# unimat accesories



## LEEQ (Nov 26, 2013)

Anybody like to show off their unimat goodies in use? I would like to see the machine in its various functions.


----------



## stevecmo (Nov 26, 2013)

Hi Lee,

I don't use mine a lot anymore but did use it to mill a slot in a new brake shoe for my Rockwell mill.  Here's a pic.  The material is phenolic - quite messy.




Steve


----------



## LEEQ (Nov 26, 2013)

So the rod and bracket are for milling set up. I see. My Dad has one that may come up for sale. A SL1000 with some goodies I'm trying to figure out. Thanks for step one Steve.


----------



## stevecmo (Nov 26, 2013)

Lee,

Yes, the standard set up included a post that could be used for milling.  The headstock / motor assembly is removed and bolted to the post.  You might want to join the Yahoo group for Unimats if you want to know more details.  There are plenty of pictures, files and info there.

Steve


----------



## ksierens (Nov 28, 2013)

While I don't use it as much as I used to, I will never part with it.  I have wanted one since I was 12 looking through Popular Mechanics.

Here are a few pictures of some machining operations, and some attachments I made for it, oh and a cabinet I made to hold all the goodies!


----------



## stevecmo (Nov 28, 2013)

I was hoping ksierens would chime in on this.  He's got a great collection of Unimat accessories.....and built a beautiful wood case for them.

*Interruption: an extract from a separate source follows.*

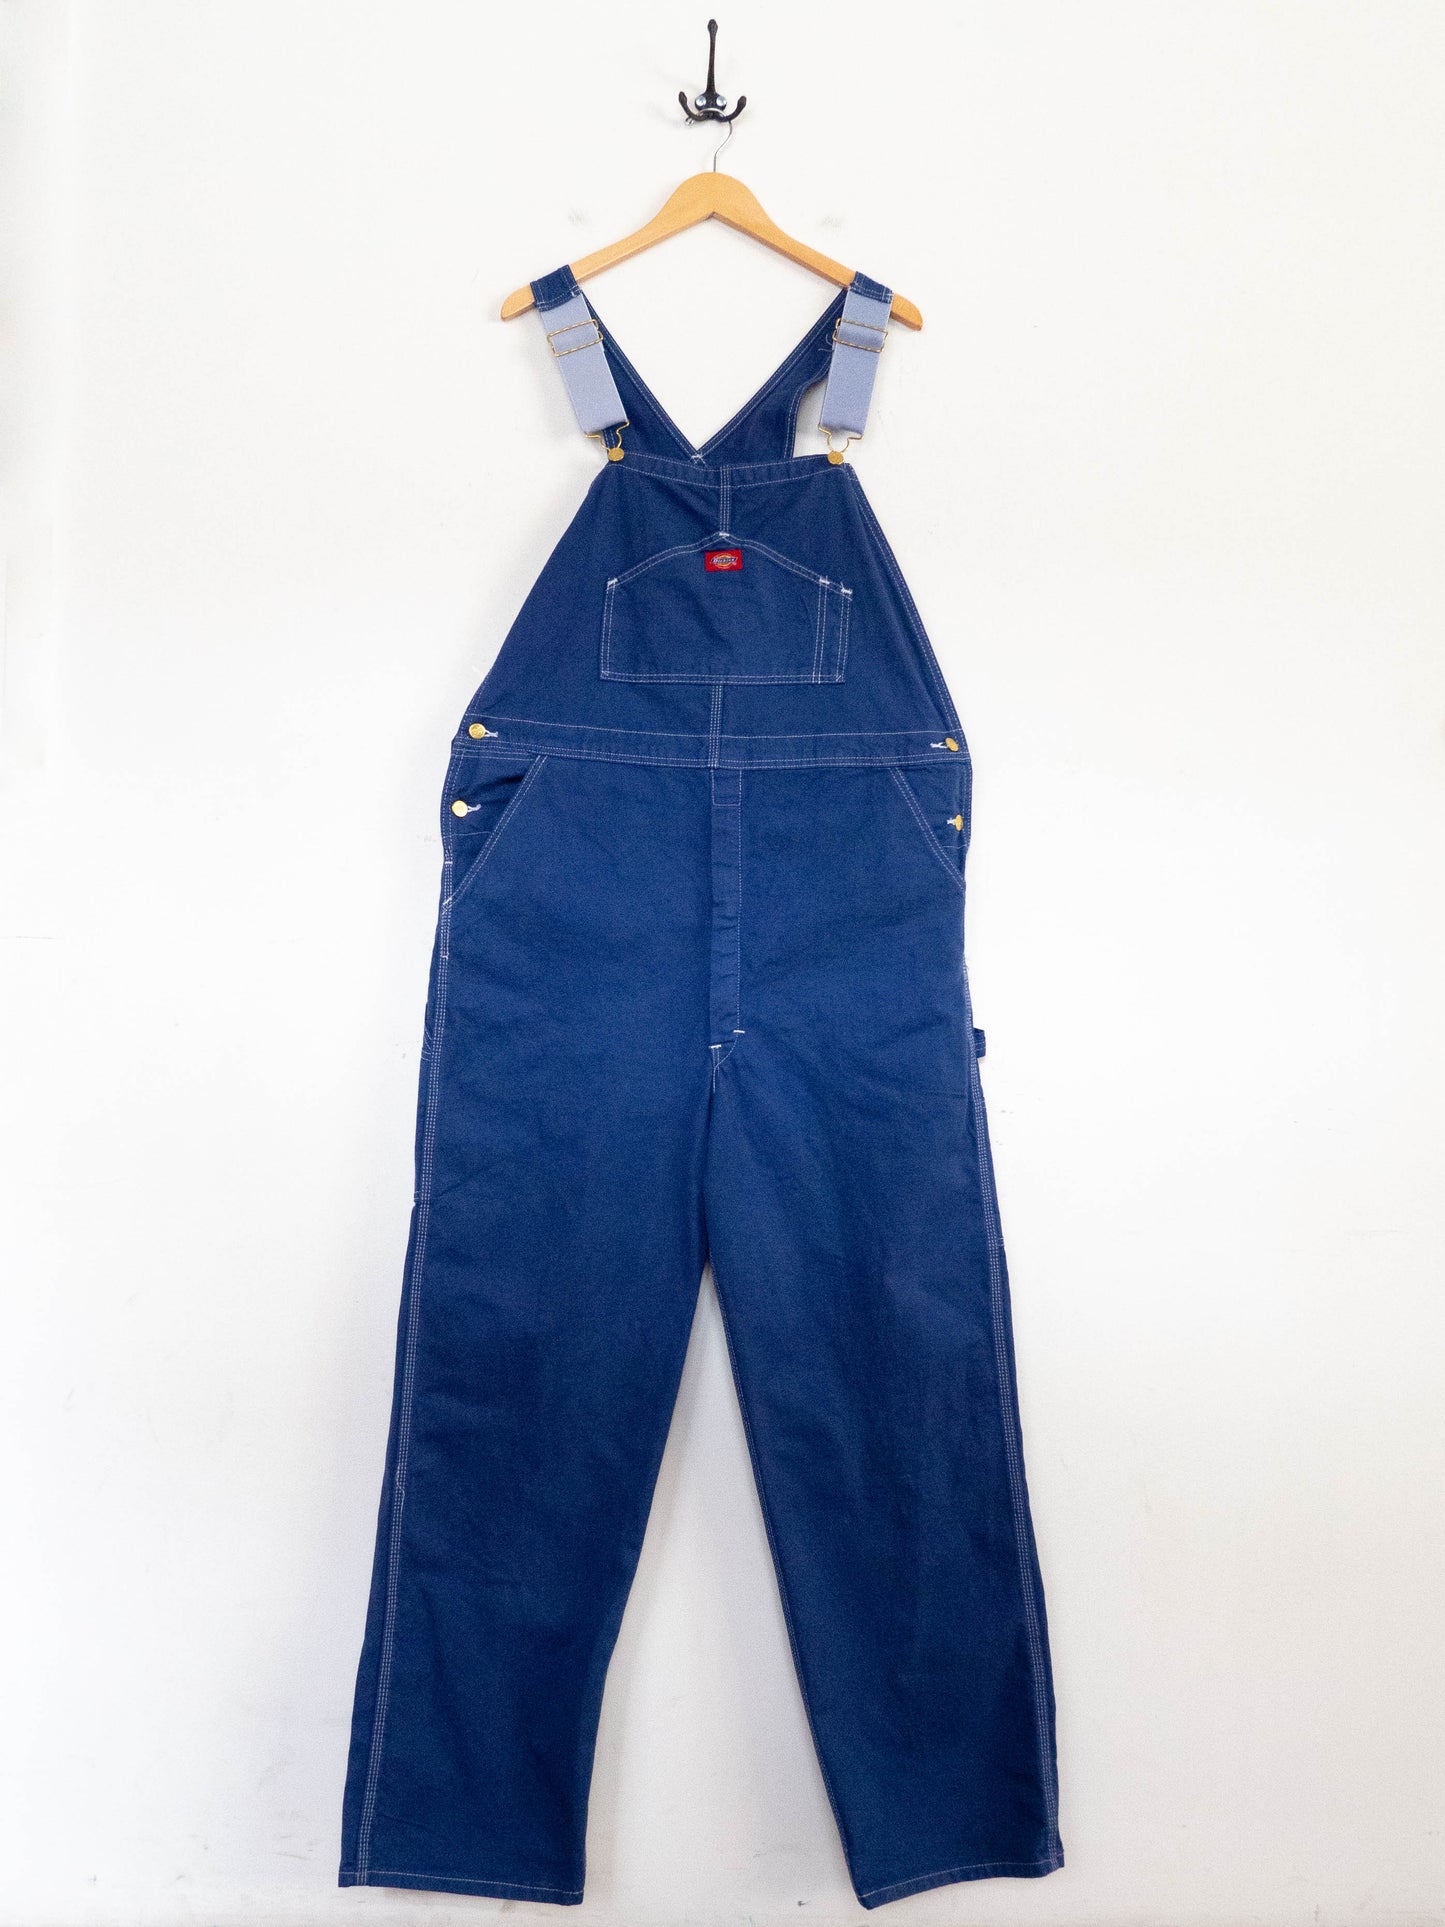 River Blue - Vintage Deadstock Dickies Overalls - (XL)

There are lots of good folks on the Uni Yahoo group as well as lots of good info.


----------



## ksierens (Dec 2, 2013)

Well thanks Steve, and yes the Yahoo Unimat group is quite helpful.


----------



## stevecmo (Dec 2, 2013)

ksierens said:


> Well thanks Steve, and yes the Yahoo Unimat group is quite helpful.



I remember drooling on myself when you posted your wood cabinet on the Uni site.  :man:


----------